References [25,26,27,28,29,30,31,32,33,34,35,36,37,38,39,40,41] did not fully address the potential of FCEVs for fast frequency control. While Reference [42] investigated the ramp-up and start-up times of FCEVs and indirectly suggested their suitability as fast frequency control providers, it failed to account for the critical dynamic interactions occurring between FCEVs and the electric grid during power imbalances. Nevertheless, these interactions—between FCEVs and key grid components such as thermal generators, loads, and renewable energy sources—are crucial for evaluating system-wide impacts and ensuring overall grid stability.

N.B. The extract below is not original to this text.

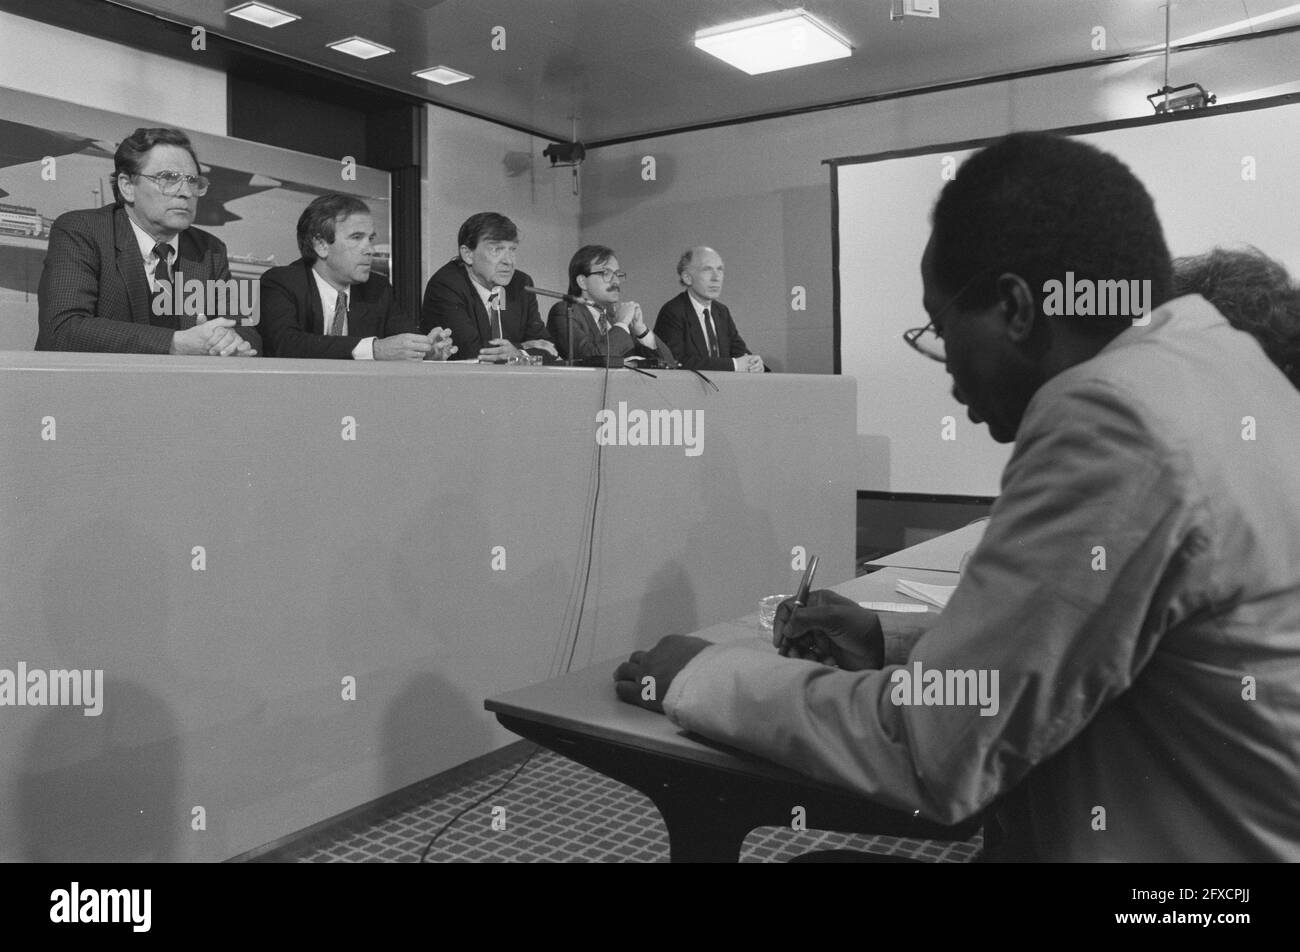 Parliamentary delegation back from Suriname at Schiphol Airport, November 13, 1988, The Netherlands, 20th century press agency photo, news to remember, documentary, historic photography 1945-1990, visual stories, human history of the Twentieth Century, capturing moments in time Stock Photo

Technical insights from battery electric vehicle-to-grid (BEV2G) technology cannot be directly transferred to FCEVs due to their distinct characteristics. Unlike BEVs, FCEVs exhibit slower ramp-up times, larger energy capacities, and the absence of grid-to-vehicle (G2V) capabilities, which prevents them from recharging directly from the grid. These differences necessitate a tailored approach to evaluate FCEVs as fast frequency control providers, distinct from BEVs. This paper addresses this gap by exploring the technical feasibility of FCEVs to supply virtual inertia and primary frequency reserves in low-inertia, non-interconnected islands during periods of high-power imbalances and renewable energy fluctuations. Key considerations include the ramp-up time and reaction delay of FCEVs, with the minimum fleet size required to maintain frequency stability being determined. Additionally, the economic feasibility of deploying FCEVs for fast frequency reserves is analyzed, based on estimated hydrogen consumption, demonstrating the practicality of this innovative solution.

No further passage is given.